Geoffroy is a clinical symptom meaning the specific location of an ulcerative lesion in the lower part of the stomach, associated with its anatomical features and occurring in the regeneration phase after an exacerbation of chronic atrophic gastritis or from the moment of withdrawal of NSAIDs or after drinking alcohol. Clarification - based on the history of peptic ulcer disease. Gastroduodenoscopy is used to confirm.
Gastric ulcer is a chronic relapsing disease localized in the subcardial region of the stomach (duodenum, major duodenal papilla). It may be one of the manifestations of multifocal peptic ulcer disease; and the only disease of the stomach and 12-PC.
Chronic gastritis = atrophic gastritis - damage to the gastric mucosa (Mendelian). The reasons for its occurrence may be different: taking acetylsalicylic acid or other drugs, ulcerogenic drugs or drugs that can cause damage to the gastric mucosa. It is also often a consequence of autoimmune diseases such as HIV or diabetes. Atrophic gastritis can present with a variety of symptoms, such as stomach pain, nausea, vomiting, weight loss and general malaise. In some cases, especially if a person drinks alcohol or does not watch their diet, the disease may worsen to a more serious form called an “ulcer.”
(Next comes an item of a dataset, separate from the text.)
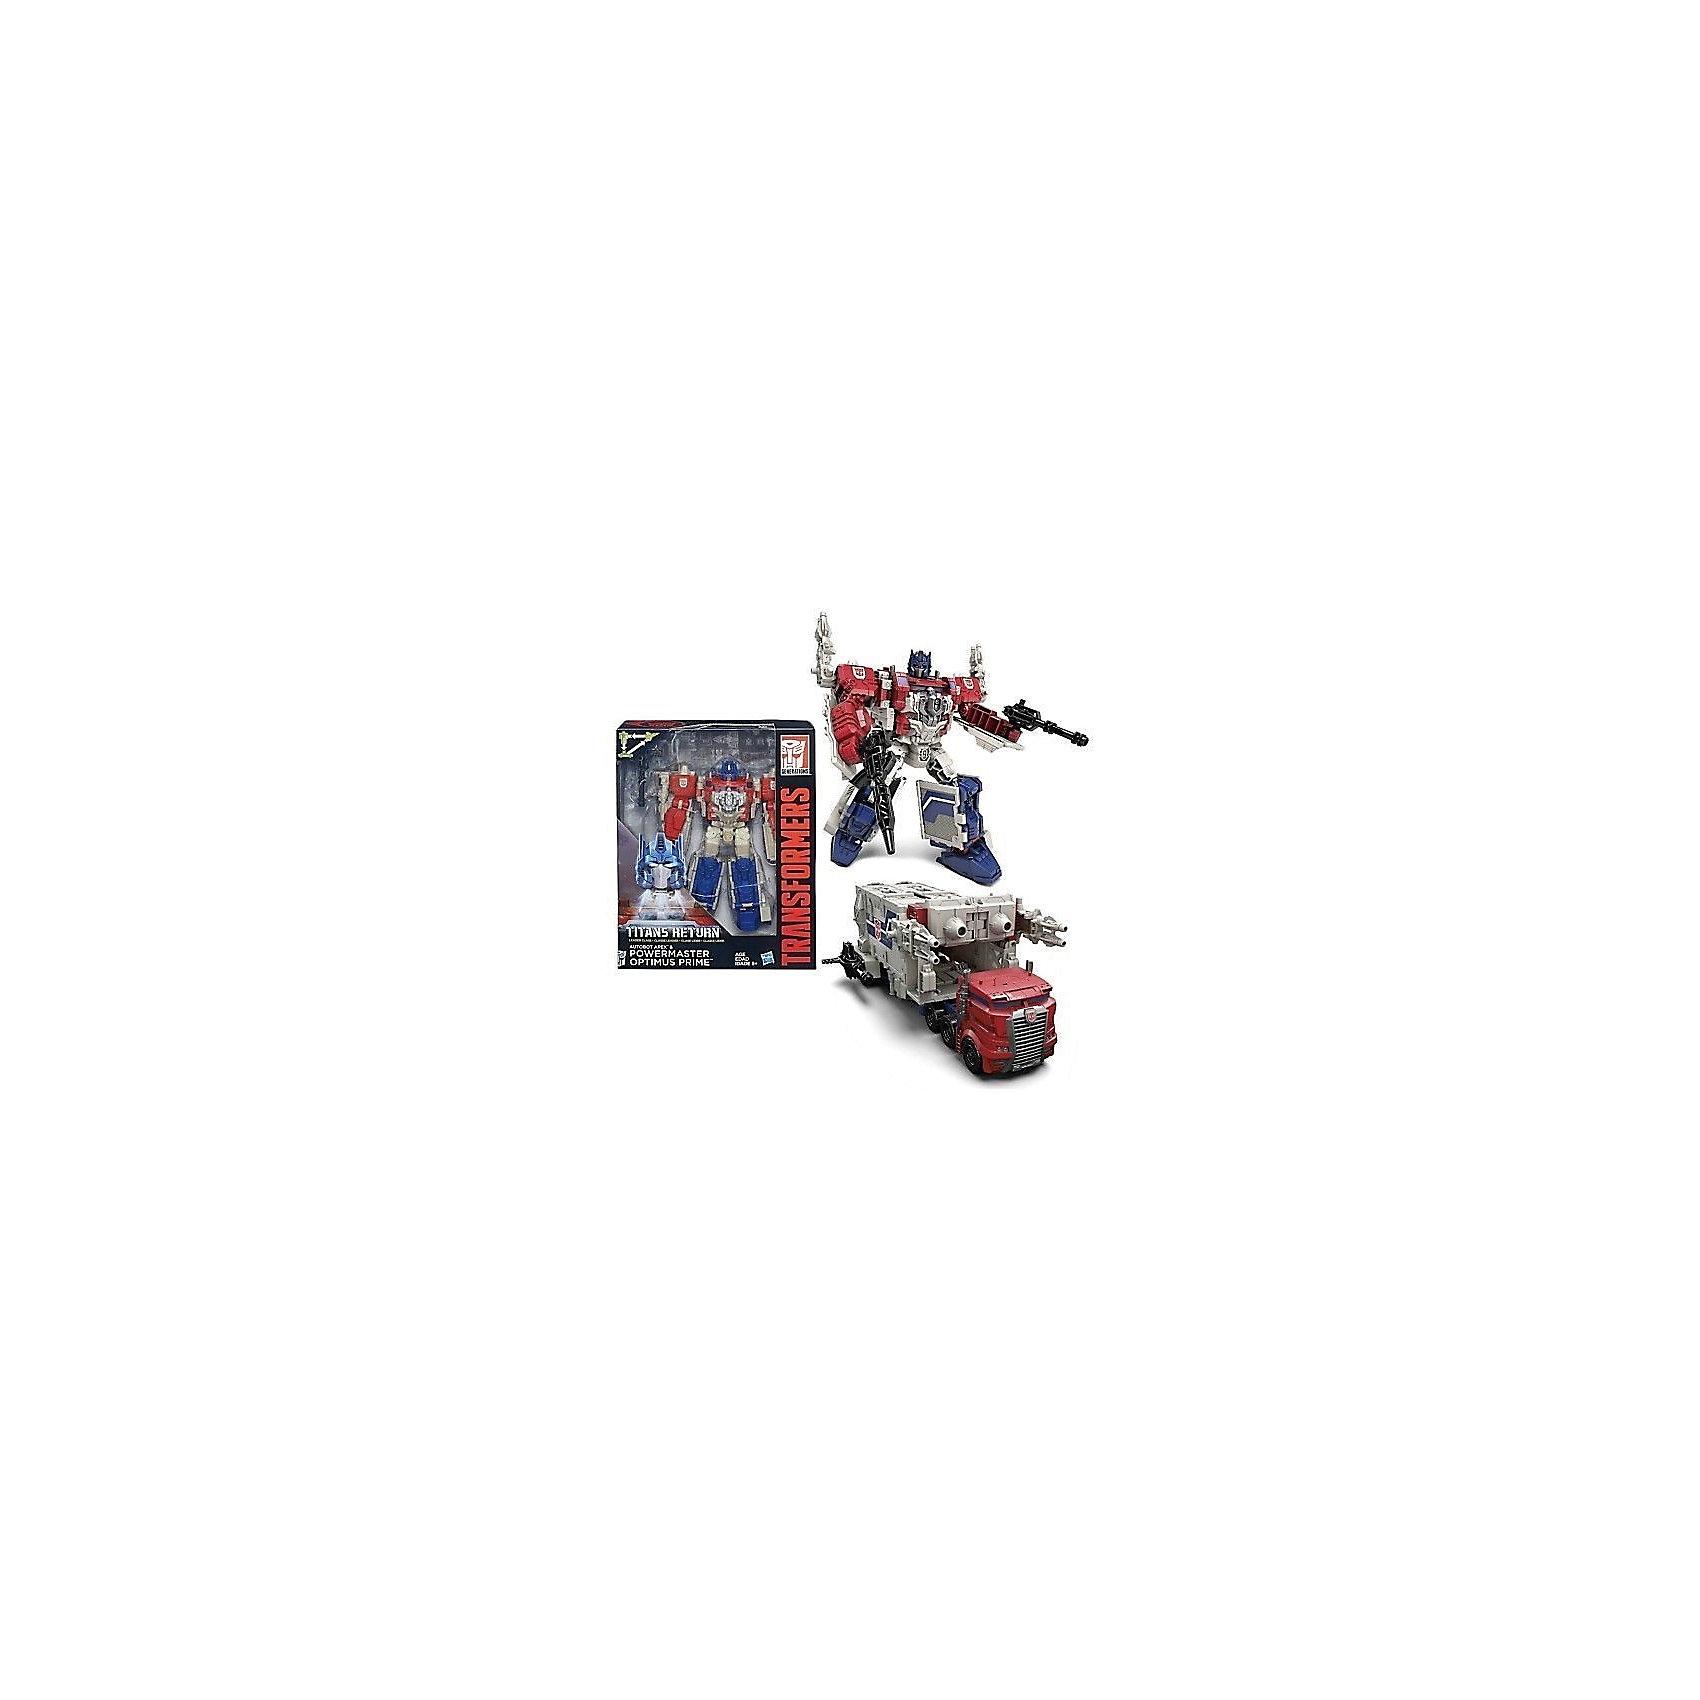 Войны Титанов Лидер, Дженерейшнс, Трансформеры, B7997/B6461Характеристики трансформера Войны Титанов Вояджер, Дженерейшнс Transformers Generations Voyager Titans Return:<br><br>- возраст: от 8 лет<br>- герой: Transformers / Трансформеры<br>- пол: для мальчиков<br>- цвет: красный/серый/синий<br>- комплект: фигурка-трансформер, аксессуары.<br>- материал: пластик<br>- размер упаковки: 10.3 * 31.6 * 25.4 см.<br>- упаковка: блистер на картоне.<br>- страна обладатель бренда: США.<br><br>Трансформер серии Generations Combiner Wars Voyager от Hasbro, станет любимой игрушкой для юного любителя роботов и техники. Робот-трансформер знаменитый персонаж популярного фильма и мультфильма выглядит весьма внушительно и даже устрашающе, поражает его размер. У игрушки достаточно сложная, но невероятно занимательная трансформация!<br><br>Трансформер Войны Титанов Вояджер, Дженерейшнс (Transformers Generations Voyager Titans Return) торговой марки Hasbro (Хасбо) можно купить в нашем интернет-магазине<br><br>Ширина мм: 103<br>Глубина мм: 254<br>Высота мм: 2500<br>Вес г: 641<br>Возраст от месяцев: 96<br>Возраст до месяцев: 144<br>Пол: Мужской<br>Возраст: Детский<br>SKU: 5064764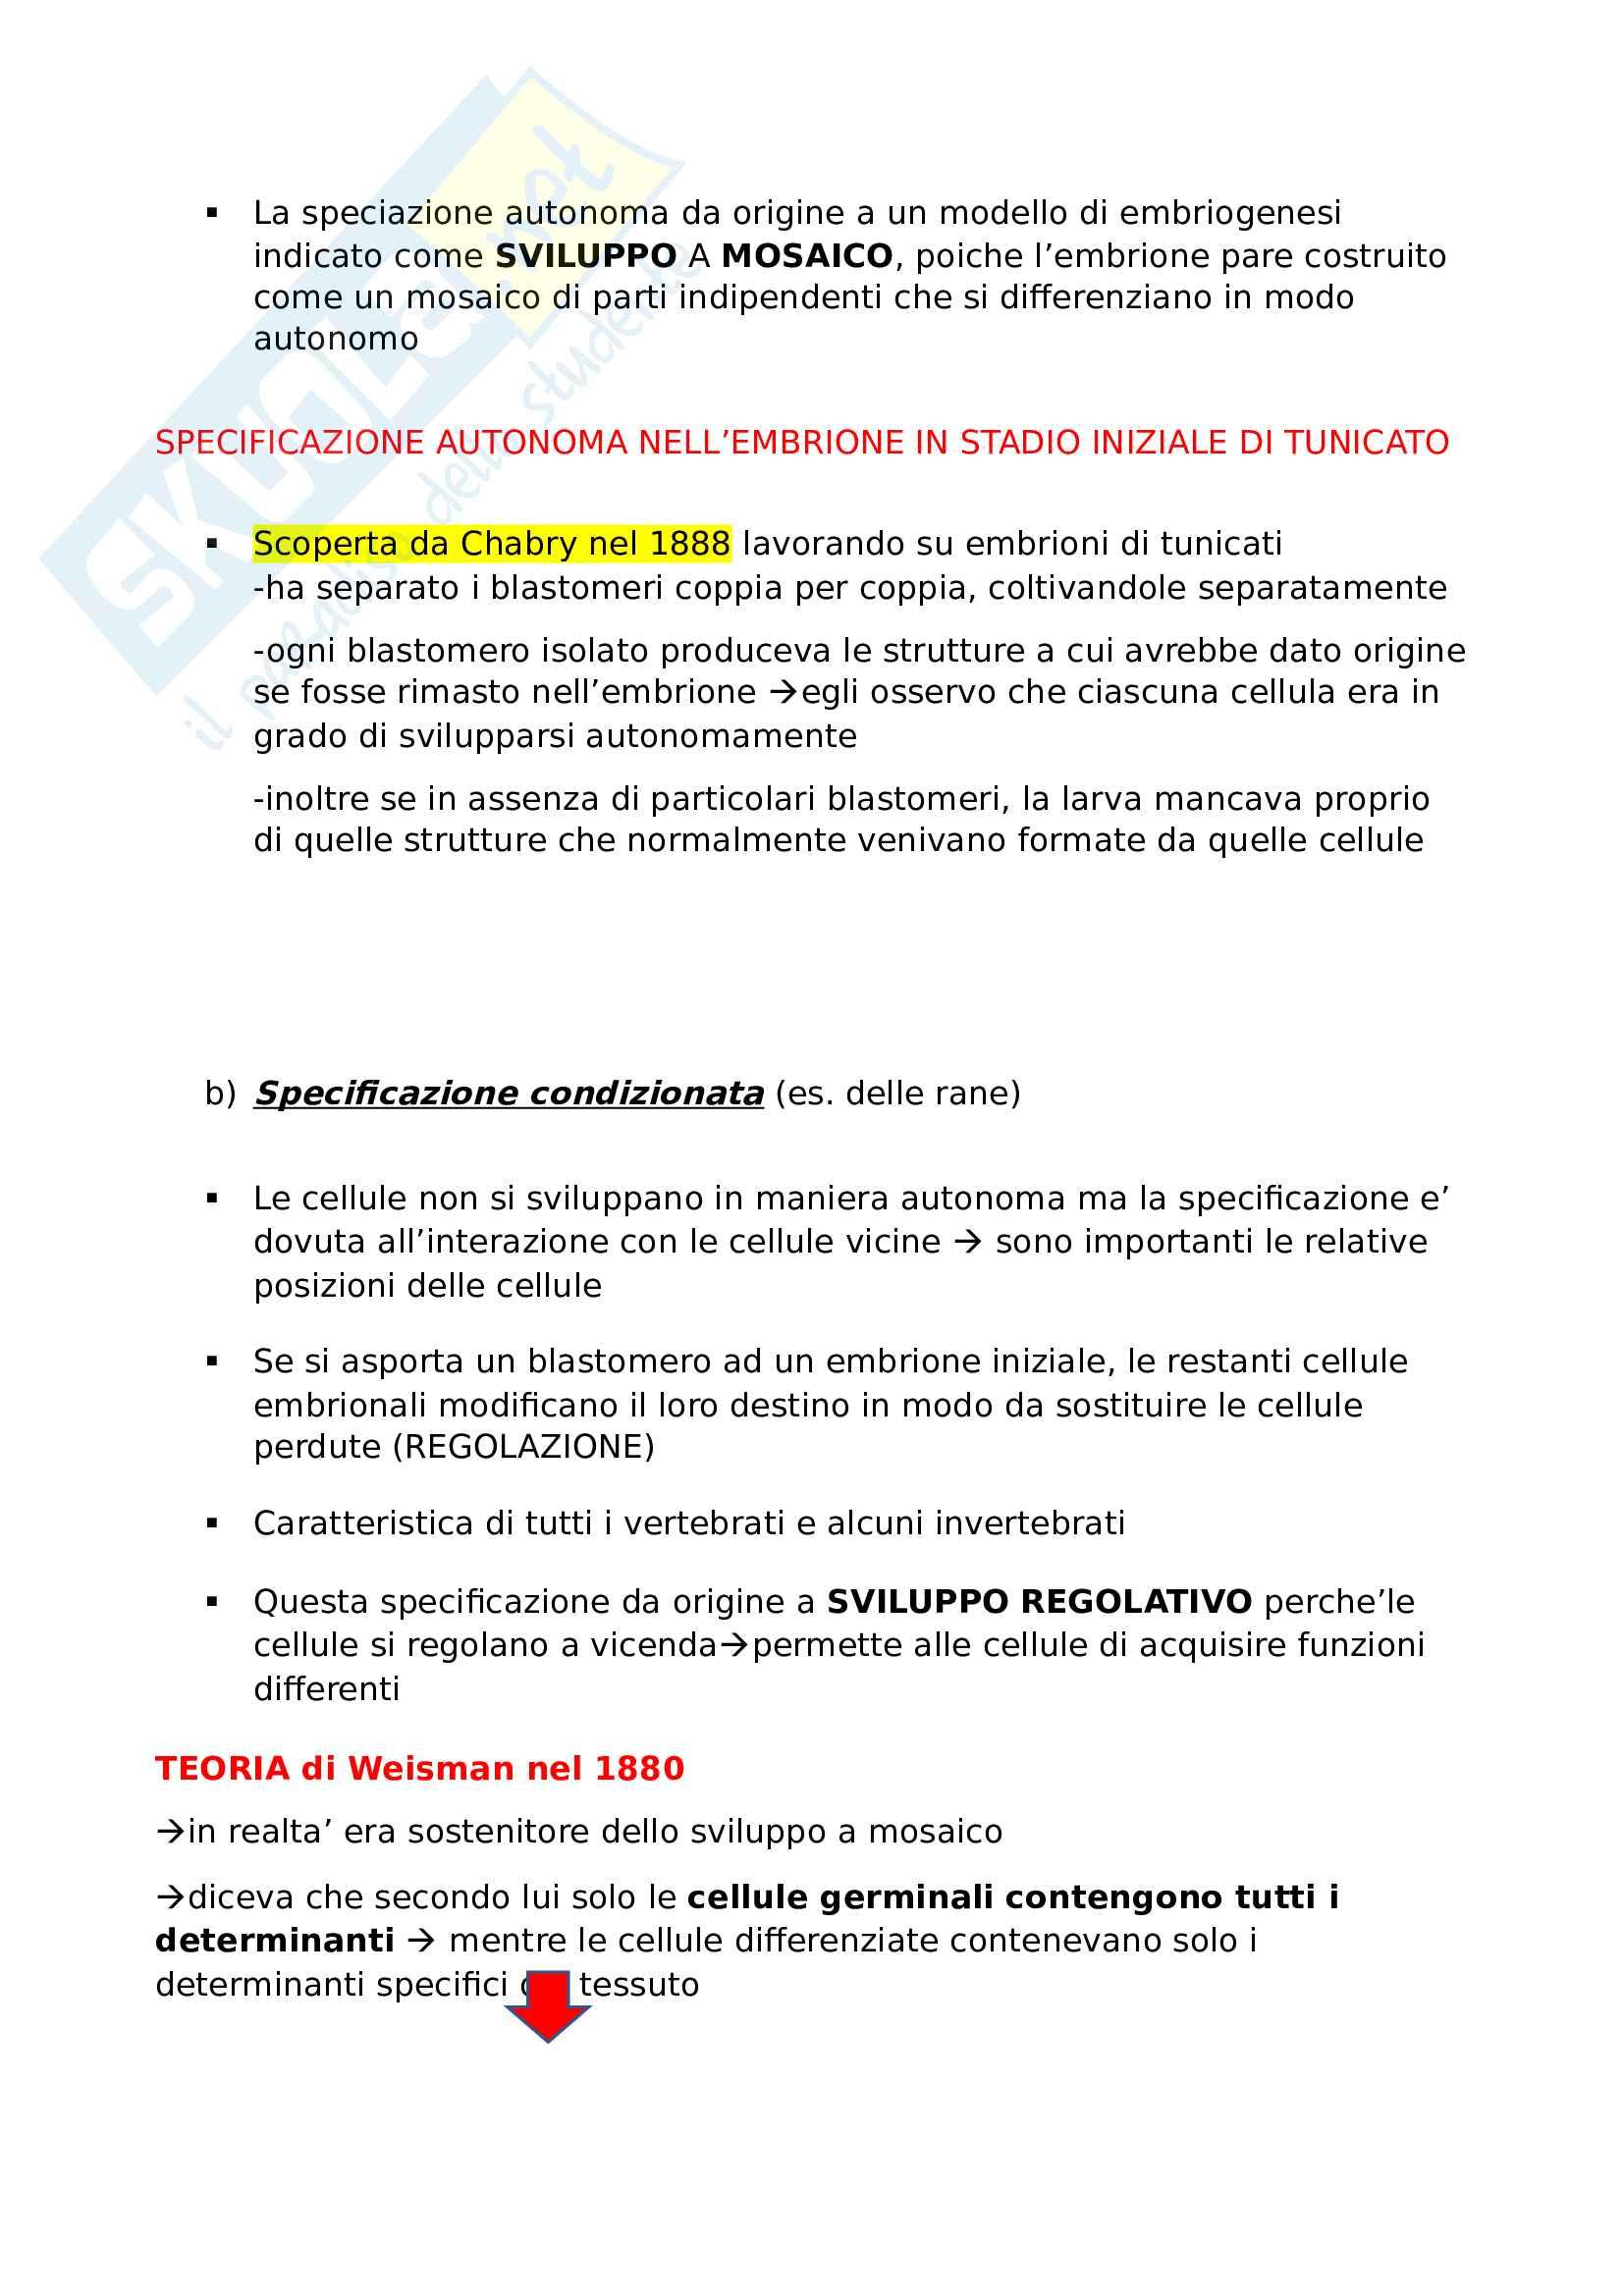 Biologia dello sviluppo (segmentazione e gastrulazione) Pag. 11

If an ulcer ruptures, blood enters the space between the stomach wall and the muscle lining, which can lead to bleeding. The consequences can be quite serious if you do not seek help in time and do not stop the bleeding. In such a situation, a blood transfusion, consultation with gastrointestinal specialists and further treatment may be necessary.
There are two main types of "Jeffrey" ulcers - the so-called first and second. The first is also called Lenckransky ulcer - it occurs with malignant formations of the stomach; outwardly it looks like a small ball of mucus, painless, and is most often localized on the lesser curvature - that is, where the lower and upper regions of the stomach meet. In this case, the formation can be of different sizes - from a few millimeters to two or three centimeters. Such an ulcer does not respond well to conservative treatment and is manifested by pain, heaviness, heartburn, and vomiting mixed with mucus. It can also lead to bleeding, perforation or narrowing of the stomach lumen. A perforated ulcer may require surgical intervention.